# Eye autofocus M50ii vs RP



## Hobby (May 26, 2021)

Anybody experience with the eye-autofocus of the M50 Mark ii versus the eye-autofocus of the Eos RP (with af firmware update)? Is there a great difference? Example: portrait of walking person, or kids (photo, not video). Which one is best?


----------



## st jack photography (May 26, 2021)

I cannot give you a definitive answer, but I would put my money on the RP, despite it being a *cheap *full frame that hasn't had an update for a while. Shooting in servo mode, doing street candids? The eye AF works well for me and the RP, and the amount of images I shoot with moving subjects that have perfect focus of the eye is amazing, more than I could ask for, really. The only thing I desire at this point is faster FPS shooting, which at present (in the RP) seems faster than even my Sony RX1Rm2, which is a fairly high-end street camera that is a few years older.
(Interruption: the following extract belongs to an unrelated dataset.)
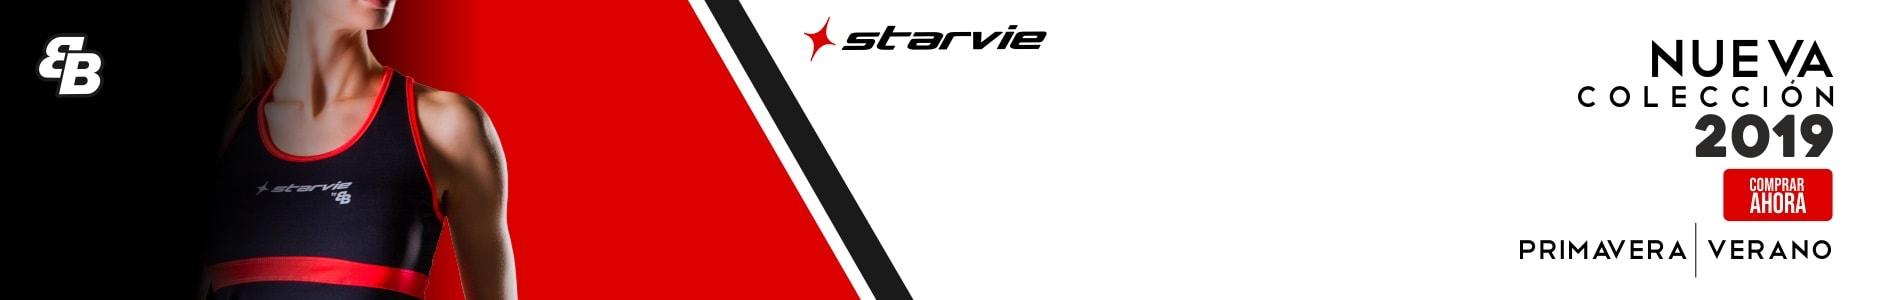 Coleccion ropa padel mujer verano StarVie by BB

I mainly shoot full frame only, but I have shot with M's as recent as m6. ( I have had m3, m5, and m6.) They were not great for AF at all, and I just cannot imagine the cheap m50 vlog camera being much better (for stills). I think I would prefer 5dm2 Live View over a M anything, but that is likely just me and my full frame prejudice. 

Where I would say that an RP would work fairly well in many pro situations, the m50 isn't even close. I would even venture to say that in many cases, the larger sensor of full frame is almost always going to give better AF when all other parameters are similar.
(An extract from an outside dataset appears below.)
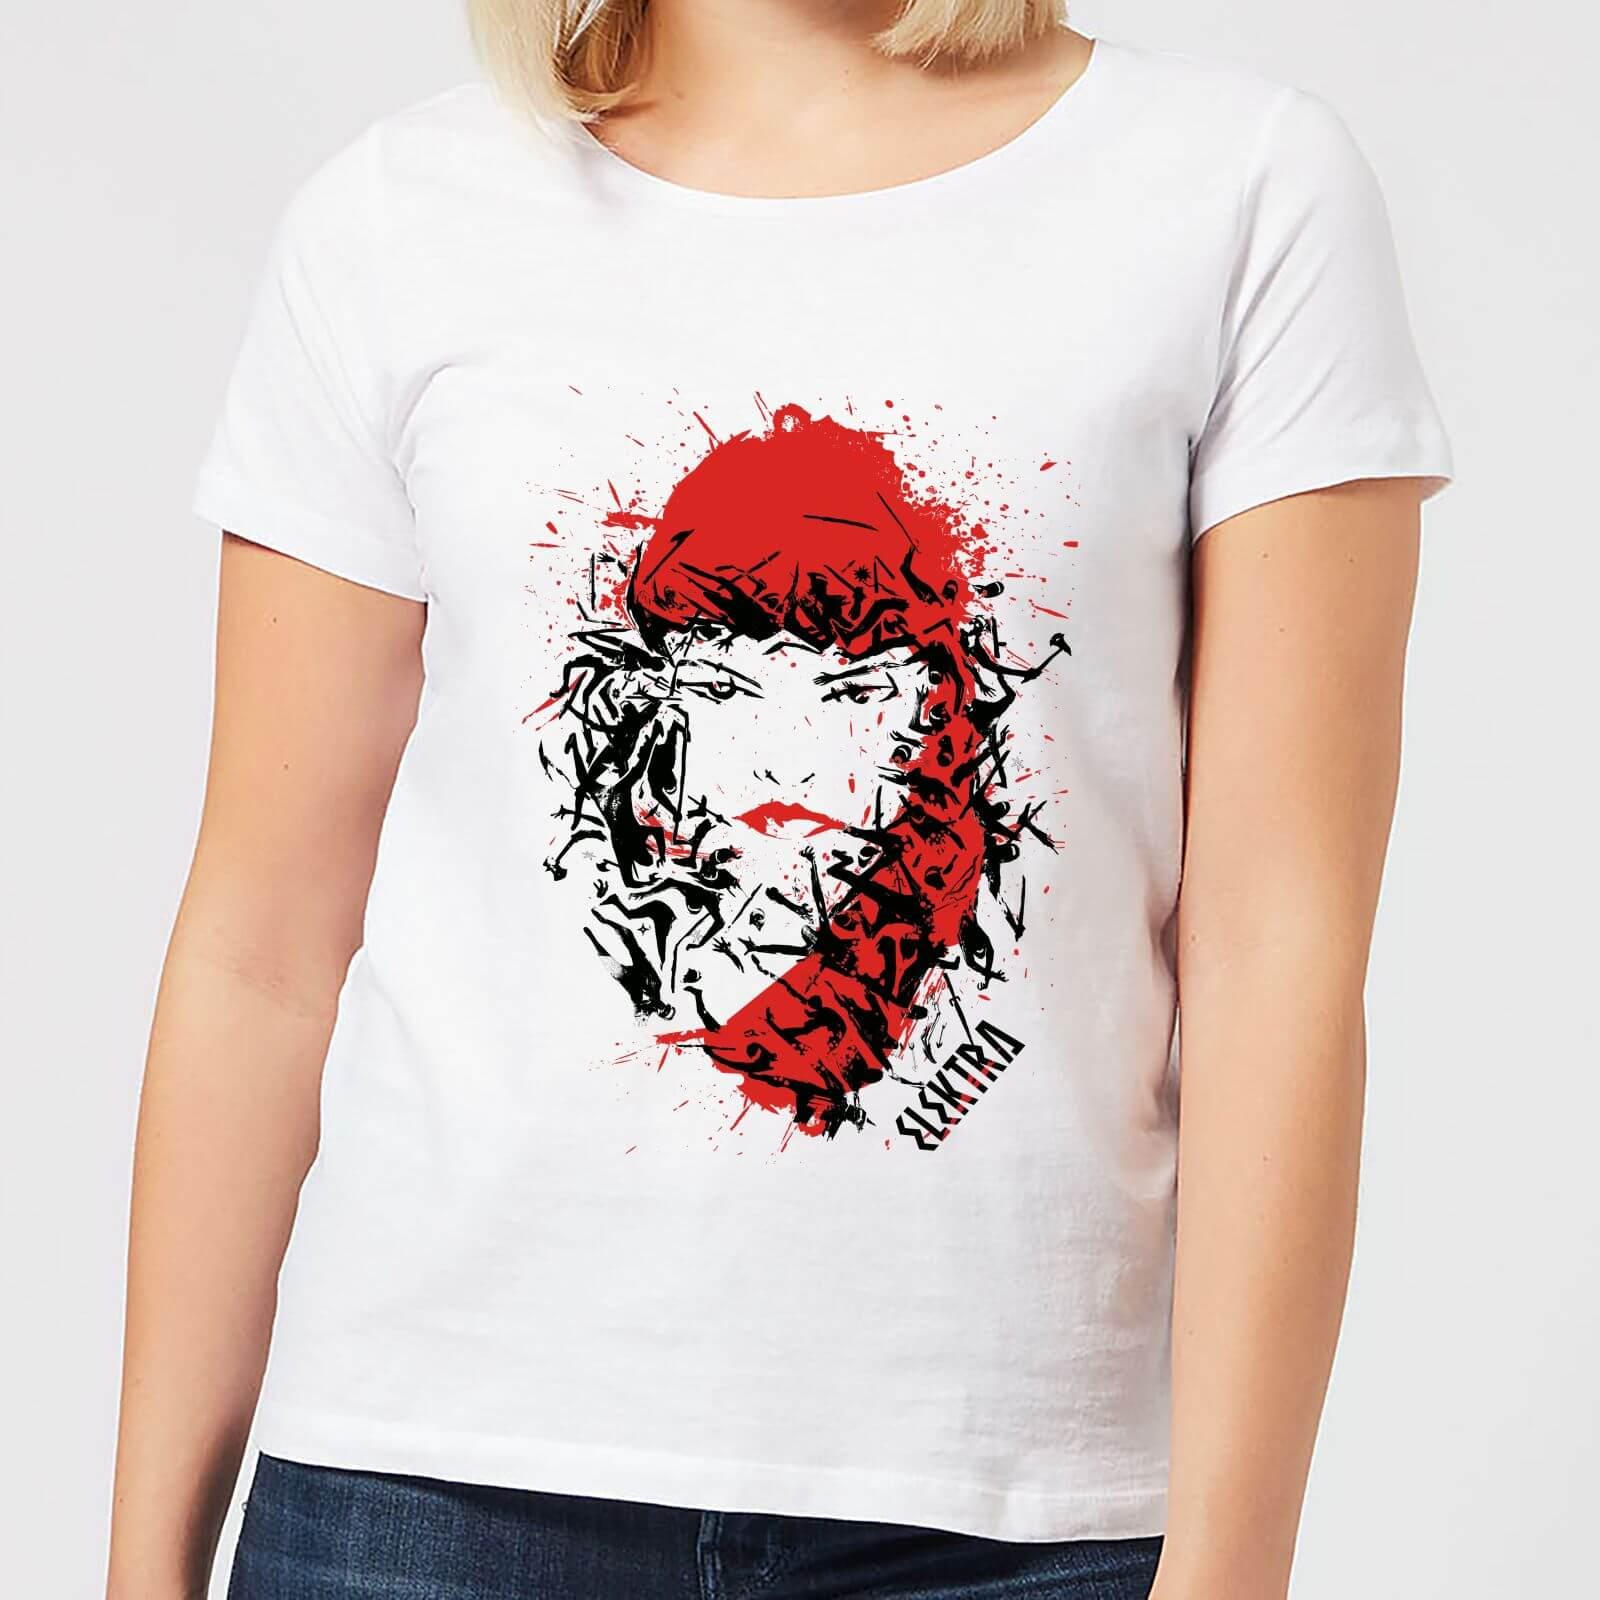 OfferteWeb.click 49-t-shirt-marvel-knights-elektra-face-of-death-bianco
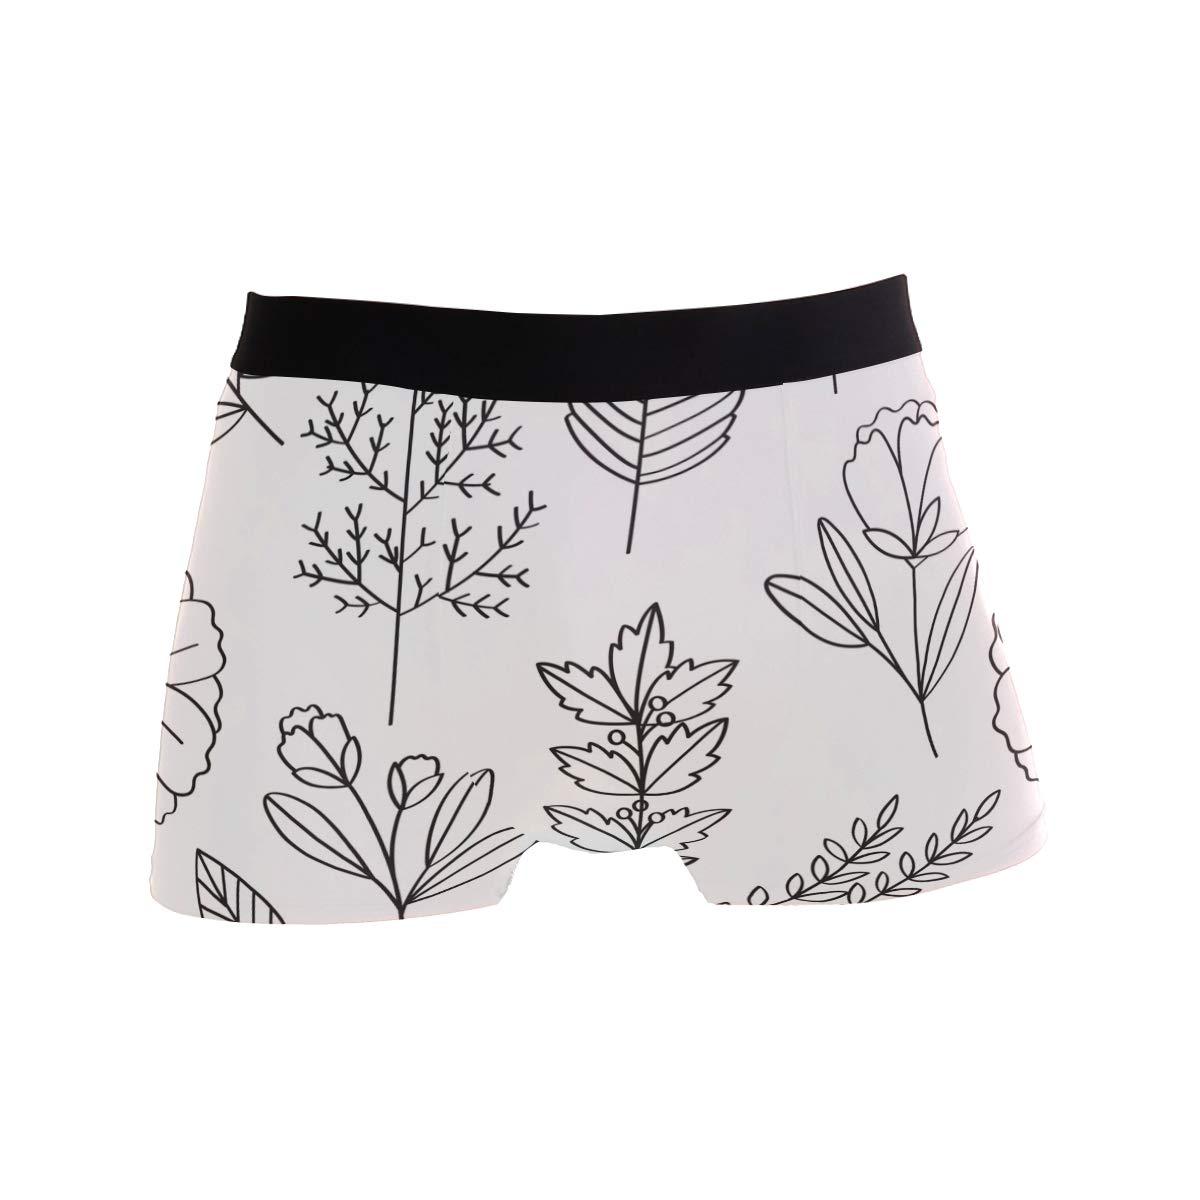 Simple Plant Leaves Pattern Men Underwear Elastic Boxer Briefs Soft Breathable S

Just take what I say with many grains of salt. It could be that I cannot see past my sensor size hate.


----------



## Hobby (May 26, 2021)

Thanks for your considerations. The M50 Mark ii is said to have "better" eye-autofocus, but better than what? And I can not find a comparison with the RP , so I don't know how "good" it is. (Perhaps I should rent the M50ii for a day...)


----------



## Mt Spokane Photography (May 27, 2021)

Hobby said:


> Thanks for your considerations. The M50 Mark ii is said to have "better" eye-autofocus, but better than what? And I can not find a comparison with the RP , so I don't know how "good" it is. (Perhaps I should rent the M50ii for a day...)


Its easier to AF for a APS-C sensor than a FF sensor. That does not mean the result is better if the subject fills the sensor on both. Its easier yet for a tiny phone sensor, but there again, it does not imply a higher quality image.


----------



## Hobby (May 27, 2021)

I have the RP. I was considering a portrait lens: the Samyang RF 85mm f/1.4. 
Or the Canon RF 85mm f/2.0. (But why not try that Samyang...)
And then I tought: why not that little M50 ii with the Sigma DC DN 56mm f/1.4. That is a portrait lens and a little backup camera, with "good eye autofocus".
Conclusion: I will wait untill the fog in my head disappears. Reading the reactions, probably going for the RF lens.


----------